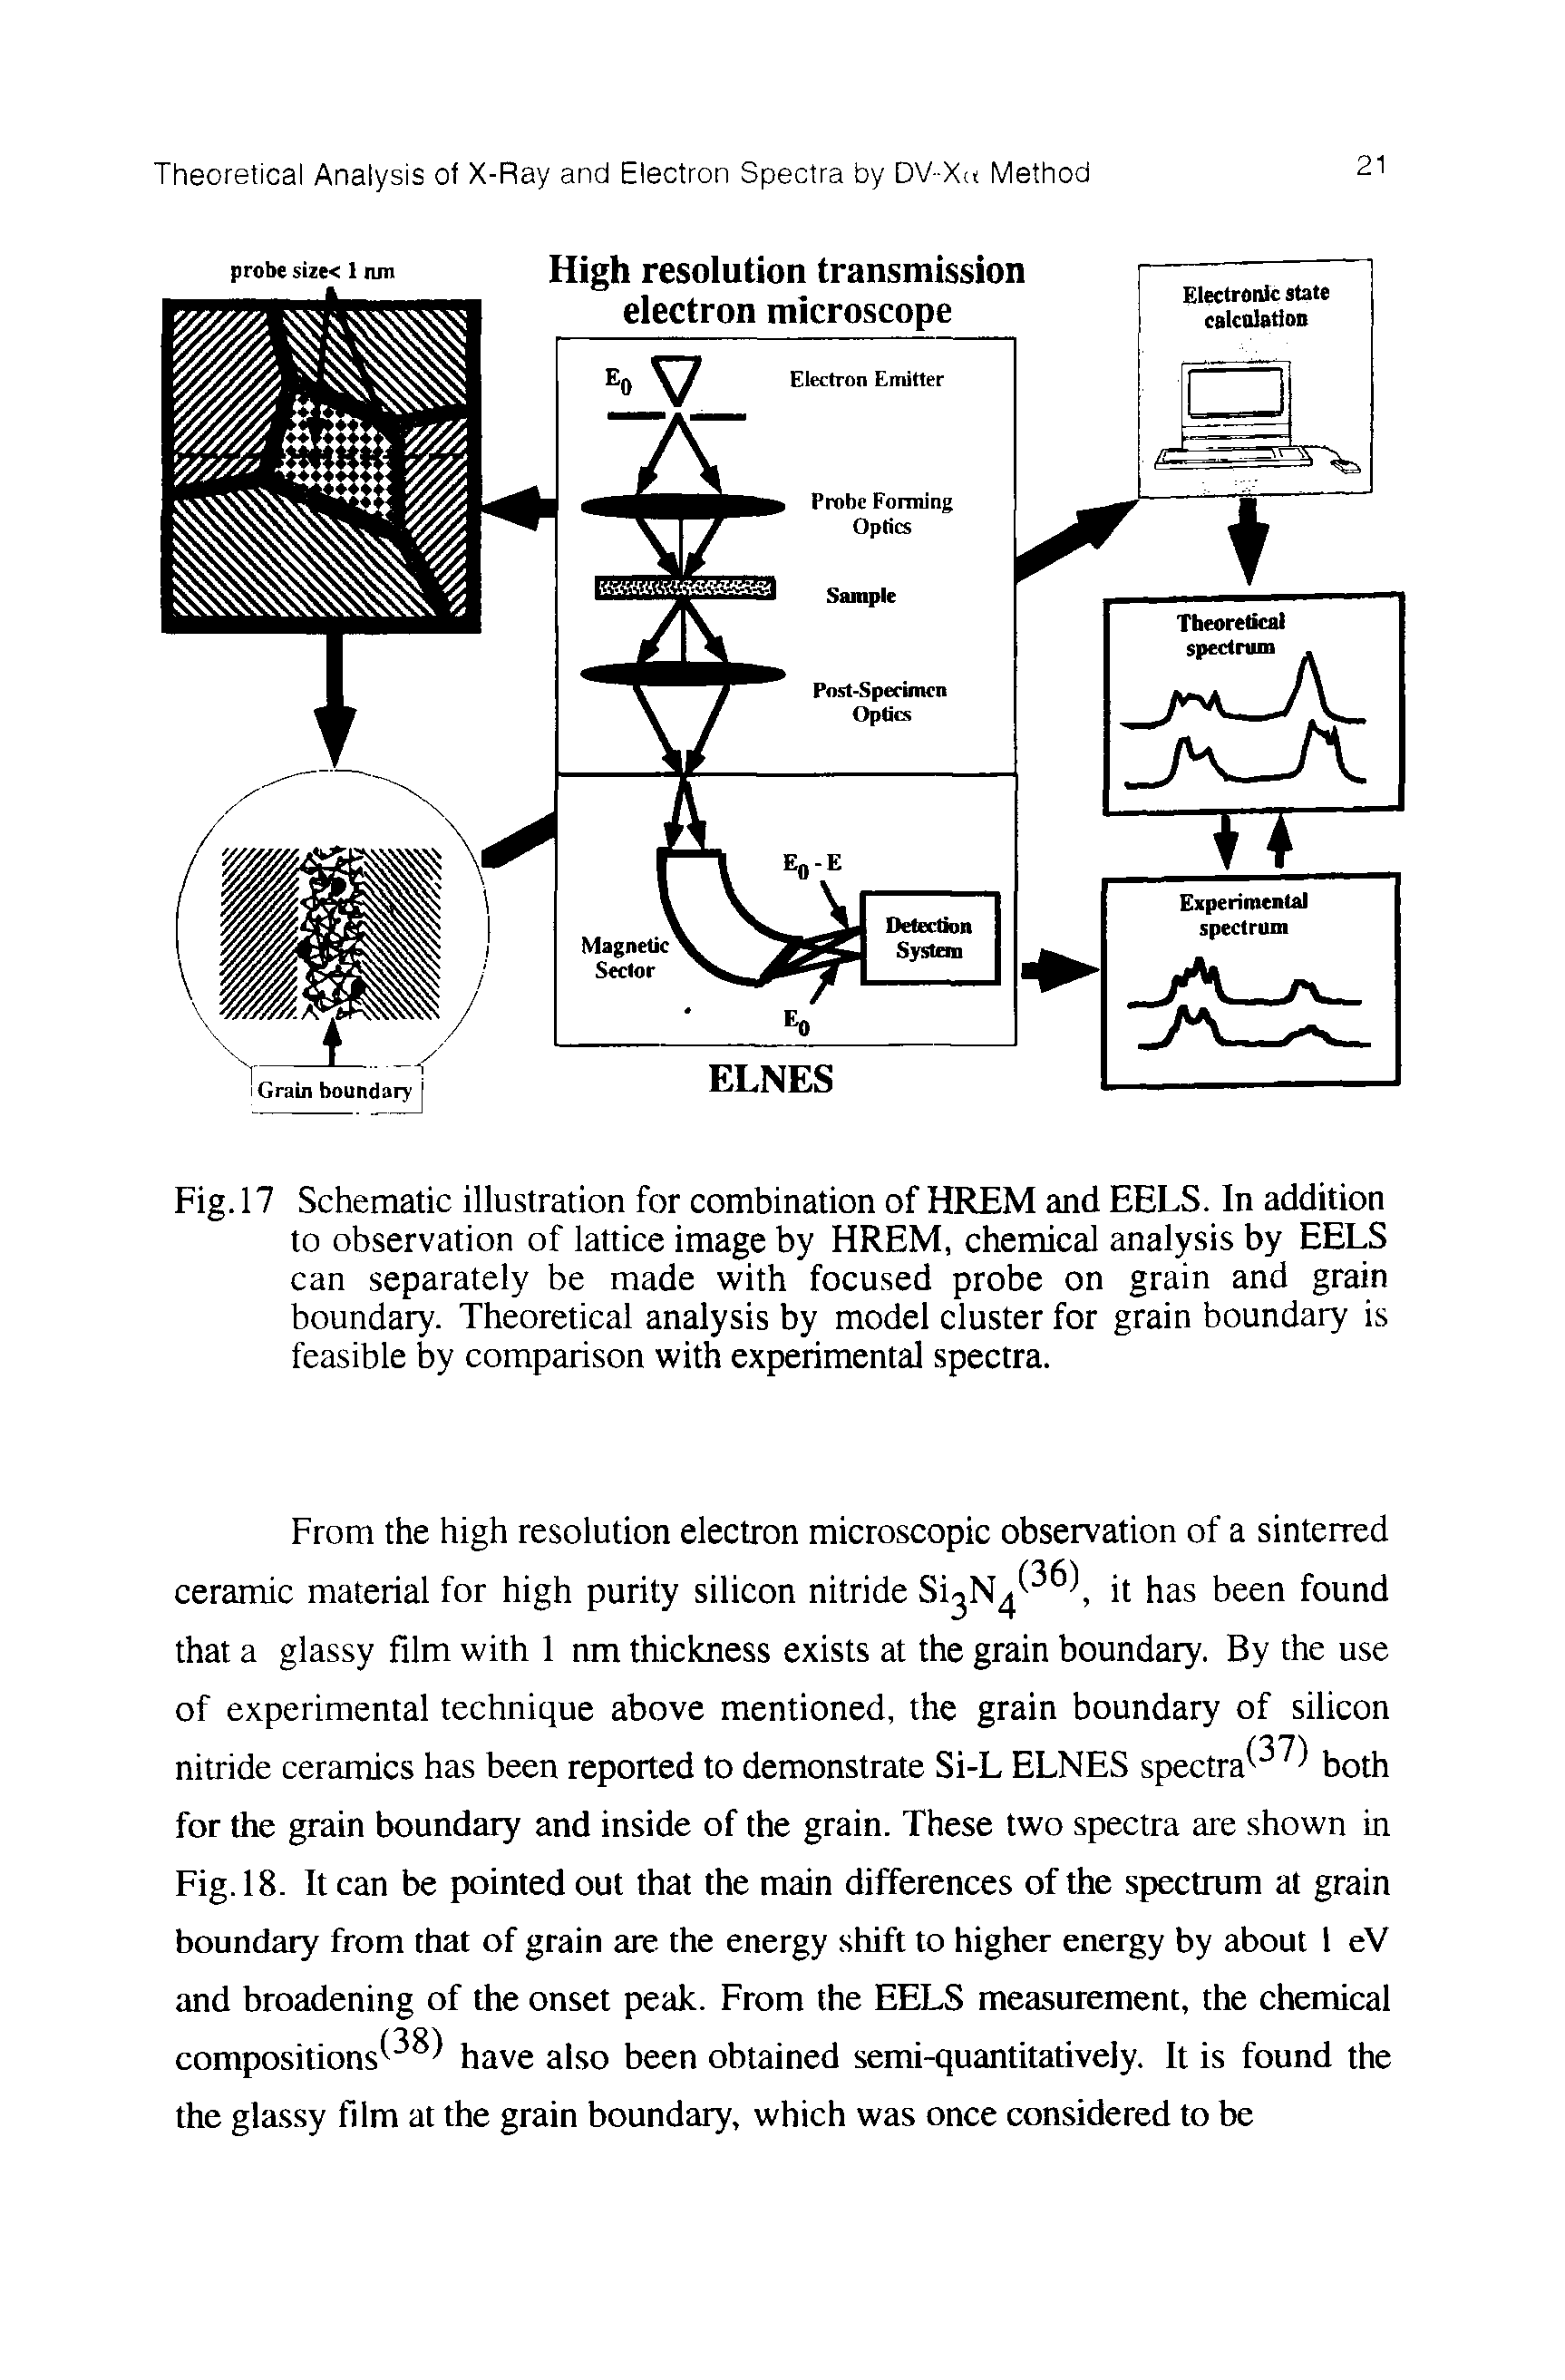 Fig. 17 Schematic illustration for combination of HREM and EELS. In addition to observation of lattice image by HREM, chemical analysis by EELS can separately be made with focused probe on grain and grain boundary. Theoretical analysis by model cluster for grain boundary is feasible by comparison with experimental spectra.
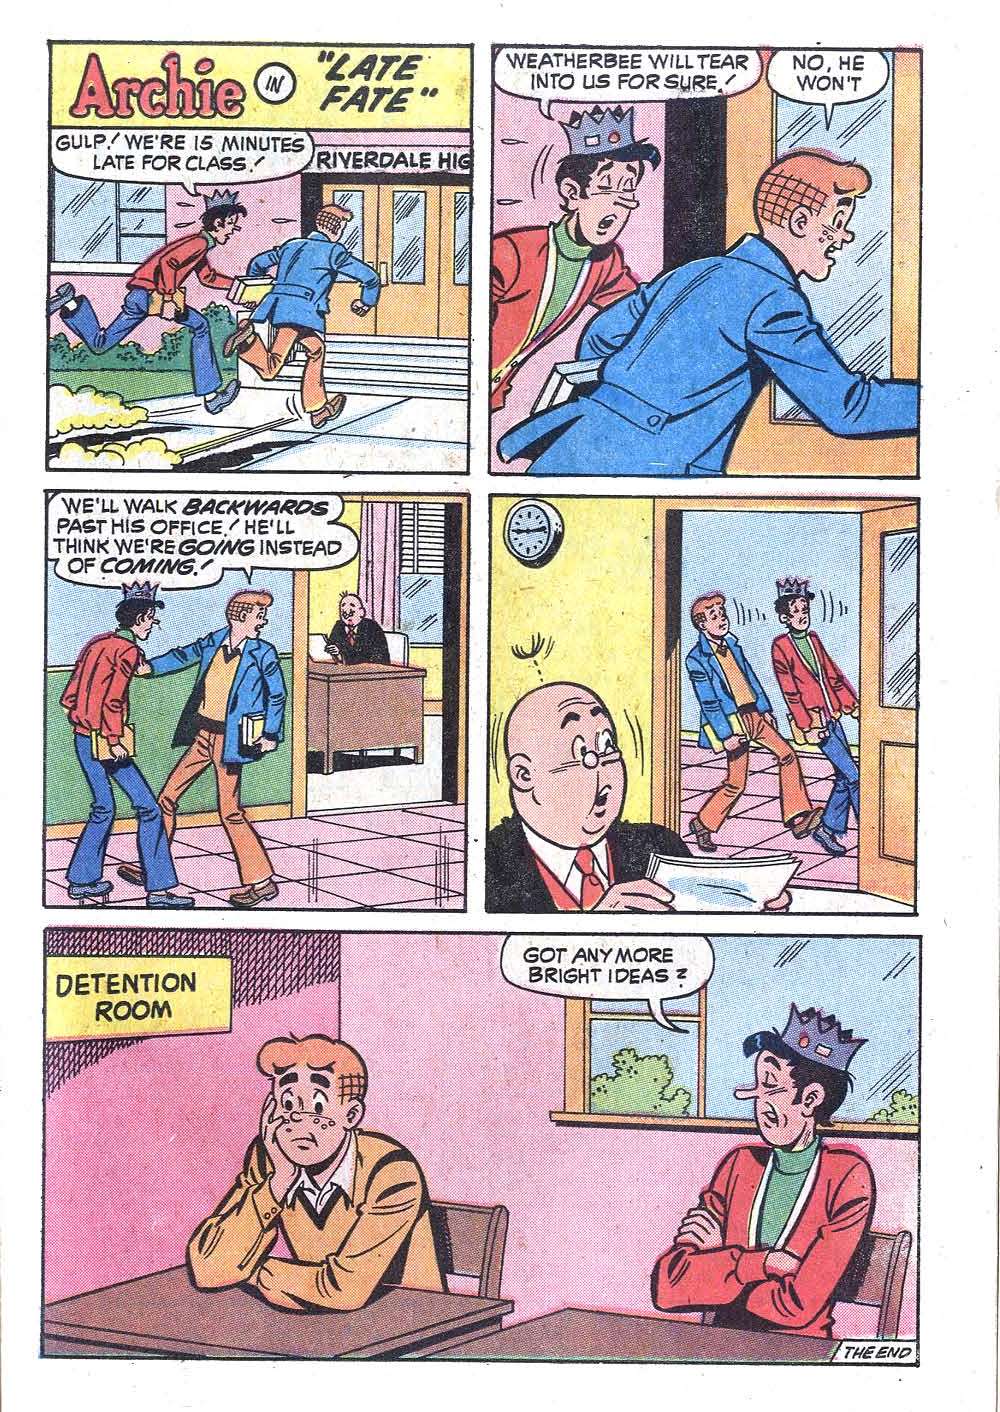 Archie (1960) 217 Page 11
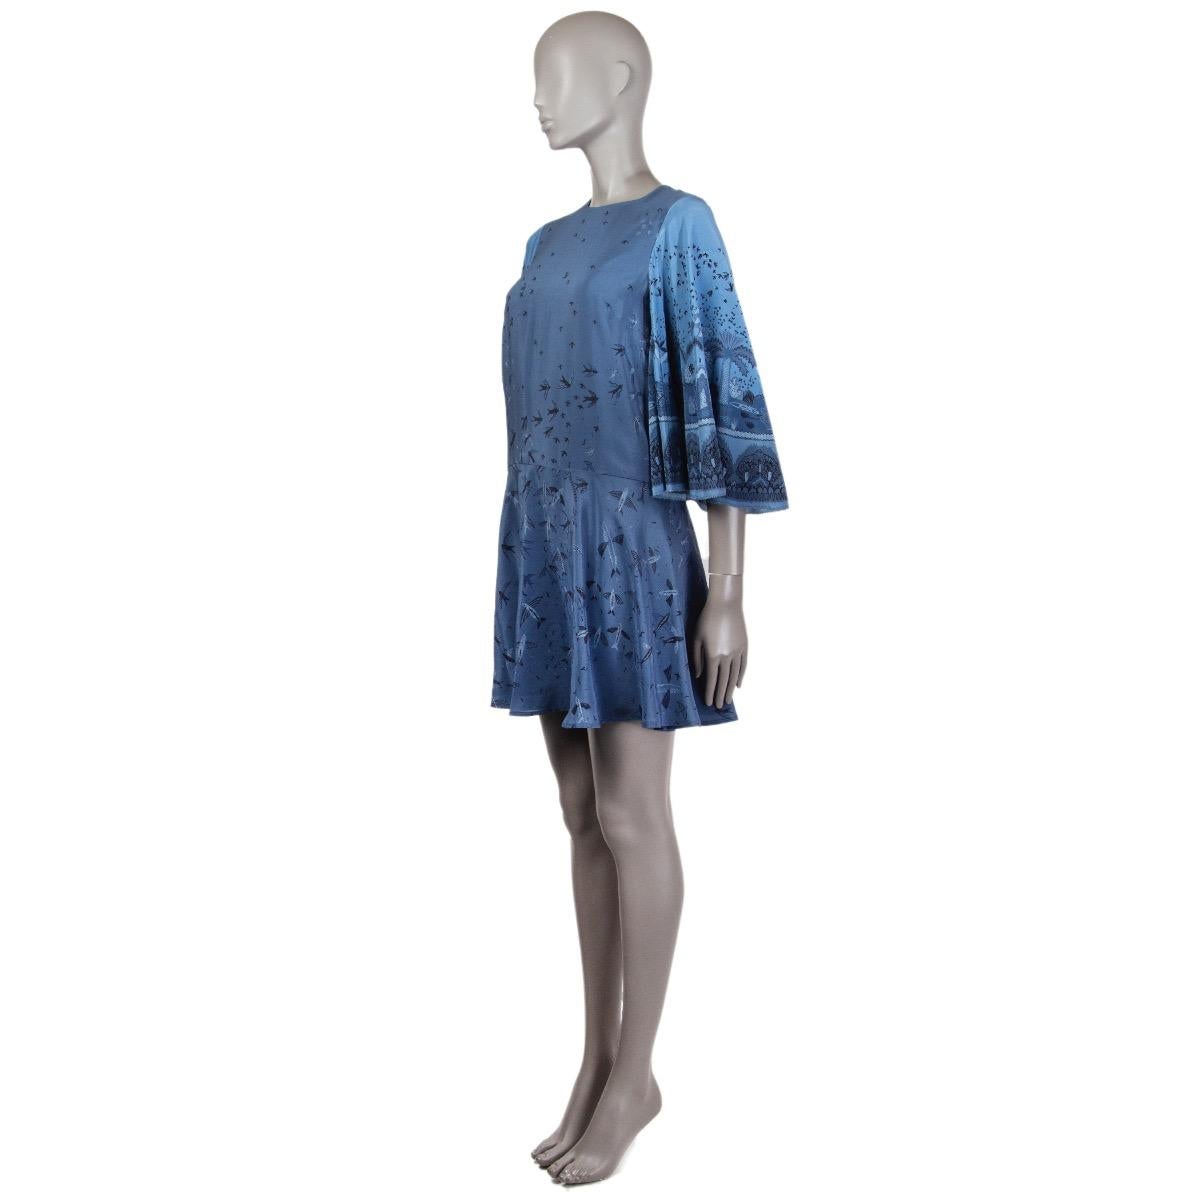 Valentino dress in soldier and pigeon blue silk (100% - content tag is missing) with bell sleeves. Zandra Rhodes bird print inspired by Hieronymus Bosch for Spring 2017. Closes with a concealed zipper and a hook on the back. Has been worn and is in
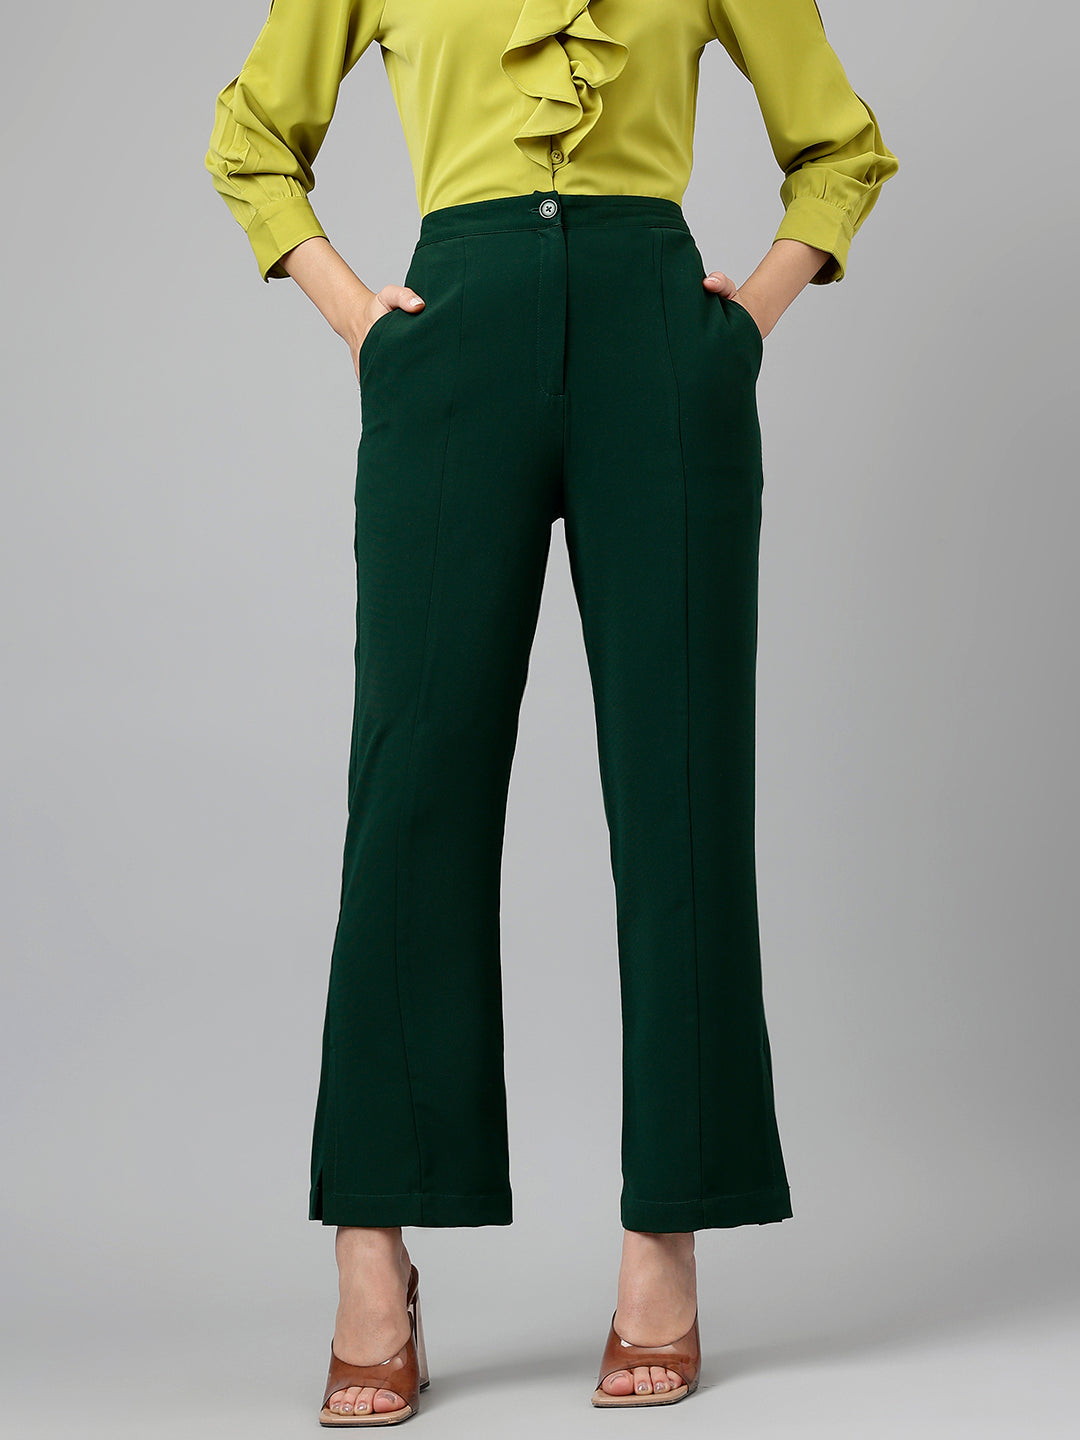 Ankle Length Solid Dark Green Pants

──────────────────────────────

EXERCISE AIM:
Reproduce exactly the lines from the one with "Valentino dress in" to the bottom of the listing, both ends included, and nothing else. Skip the pictures.

RESULT:
 Valentino dress in soldier and pigeon blue silk (100% - content tag is missing) with bell sleeves. Zandra Rhodes bird print inspired by Hieronymus Bosch for Spring 2017. Closes with a concealed zipper and a hook on the back. Has been worn and is in
 Ankle Length Solid Dark Green Pants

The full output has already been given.